Jackfruit taco party
Sharing food around a table is one of life’s great pleasures, and this is the meal I always want to make if I have friends or family over. It’s so much fun, and everyone gets to make their own personal taco! The trick with these is to have fun and don’t worry if you get a little messy—and to have a stack of paper towels on hand! Jackfruit is a great meat substitute; it absorbs flavors really well and has a texture similar to pulled pork once cooked. (You could buy a good-quality BBQ sauce if you prefer, but this one is really delicious.)
SERVES 4 | Prep time: 30 minutes, plus 2 hours (or overnight) for marinating | Cooking time: 40 minutes
For the filling
2 (14-oz) cans jackfruit in brine, drained
2 tsp garlic powder
2 tsp smoked paprika
4 tsp liquid smoke (see this page )
sea salt and freshly ground black pepper
a glug of olive oil
2 small red onions, sliced
2 small bell peppers, seeded and sliced
8 taco shells (2 each)
For the BBQ sauce
½ (14.5-oz) can diced tomatoes
2 tbsp tomato paste
1 tbsp molasses (or maple syrup)
packed ¼ cup brown sugar
1 tbsp raw apple cider vinegar
2 tsp chile powder
1 tsp onion powder
1 tsp garlic powder
1 tsp smoked paprika
½ tsp mustard
a pinch of sea salt
¼ small red cabbage, thinly sliced
3⅓ cups spinach
1 tomato, chopped
Put the drained jackfruit in an airtight container. Add the garlic powder, paprika, liquid smoke, and some salt and pepper, and mix until well coated.
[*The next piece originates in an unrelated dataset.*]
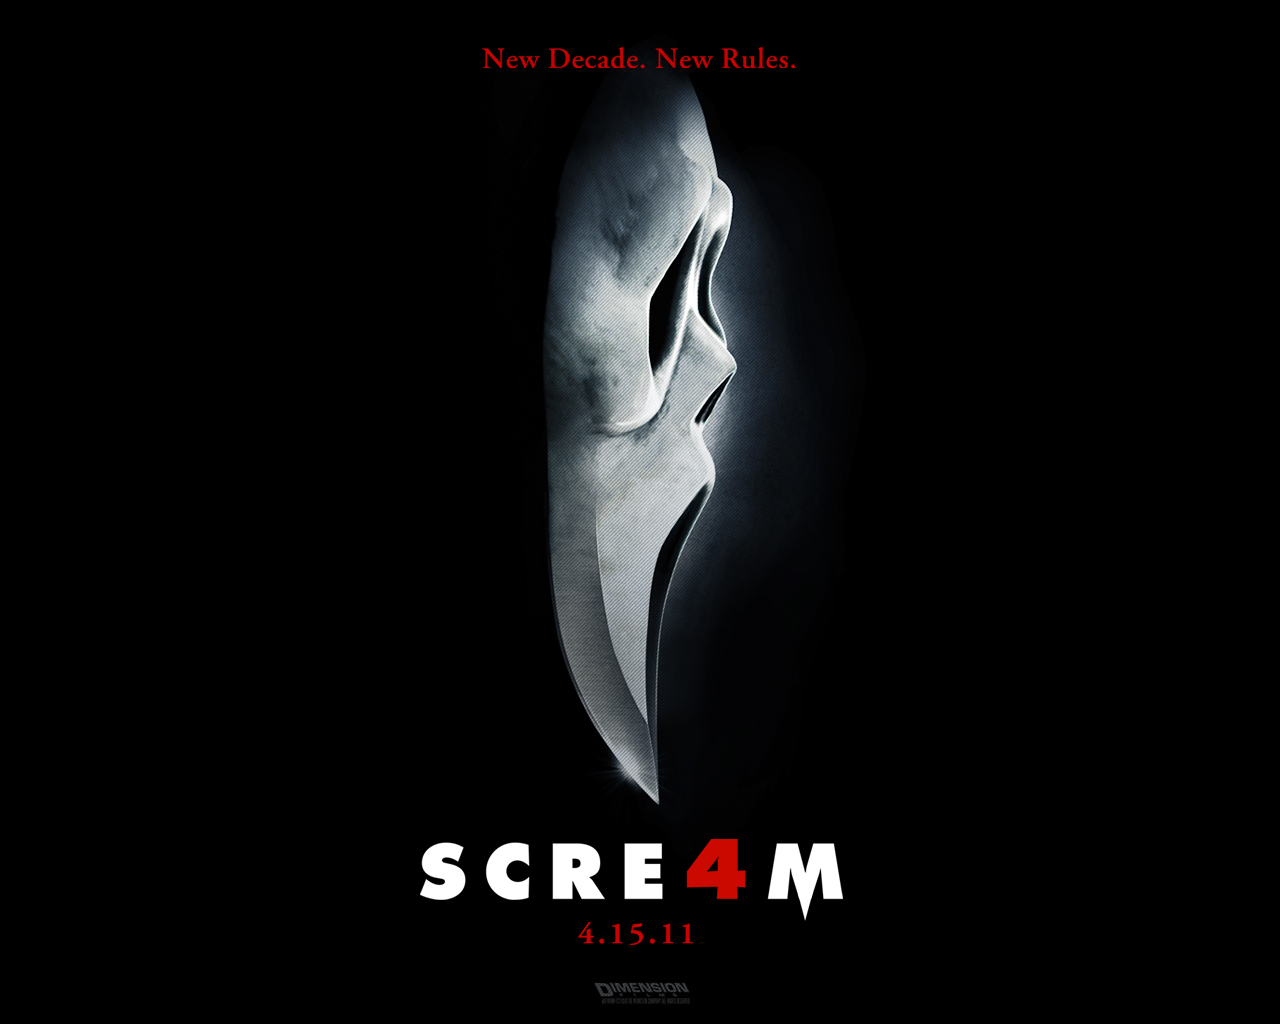 Hello Wele To My Scream Wallpaper And Official Trailer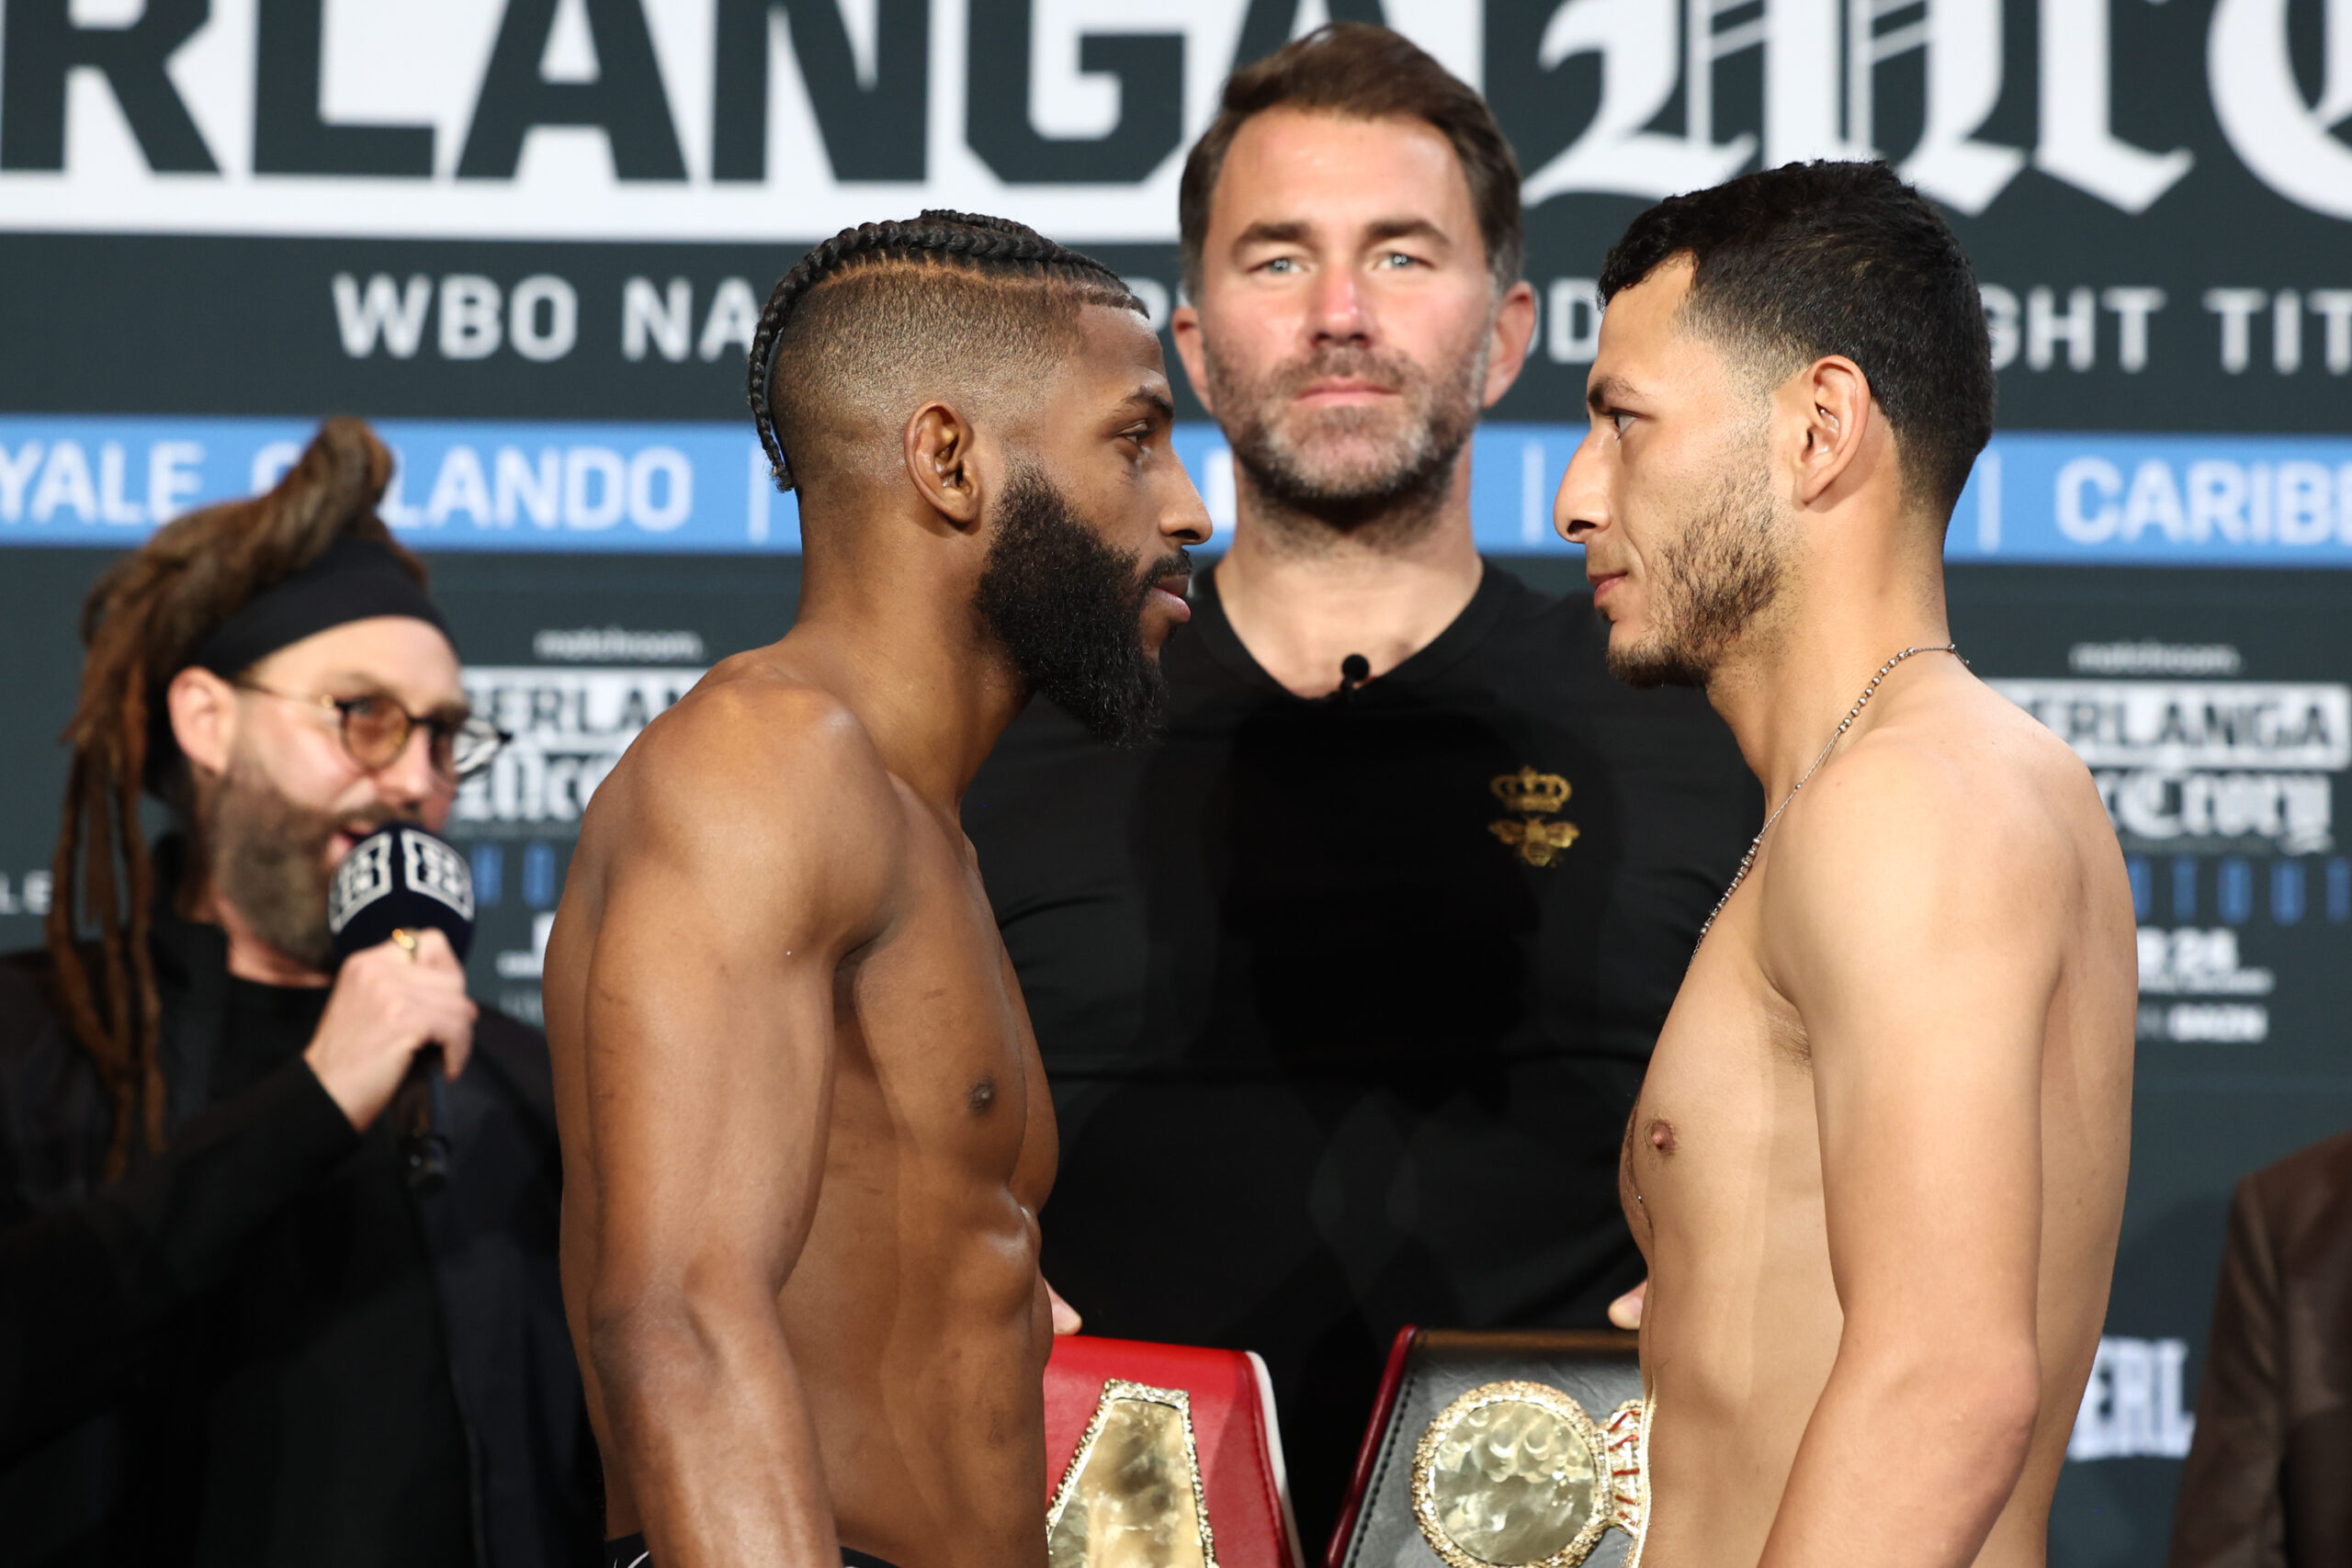 February 23, 2024; Orlando, FL; Andy Cruz and Brayan Zamarripa pose after weighing in for their February 24, 2024 fight at the Caribe Royale Resort in Orlando, FL. Mandatory Credit: Ed Mulholland/Matchroom.

Use the back of a fork to shred the jackfruit. (There will be small, soft seeds that you can eat, too.) Leave to marinate in the fridge for at least 2 hours, but preferably overnight.
Once ready to cook, preheat the oven to 425˚F. Line a baking sheet with parchment paper.
Heat the oil in a large frying pan over low heat. Cook the onions and peppers for about 10 minutes, until they are soft and caramelizing a little. Add the jackfruit and cook for another 10 minutes, stirring every so often.
Spread the mixture onto the lined baking sheet and roast for 15 minutes.
While the jackfruit is cooking, make your BBQ sauce. Place all the ingredients in a small saucepan and cook over medium heat for 5 minutes.
To assemble the tacos, layer each shell with cabbage, spinach, and chopped tomato. Load the jackfruit mixture on top. Generously drizzle with the BBQ sauce and finish with the cilantro and a squeeze of lime.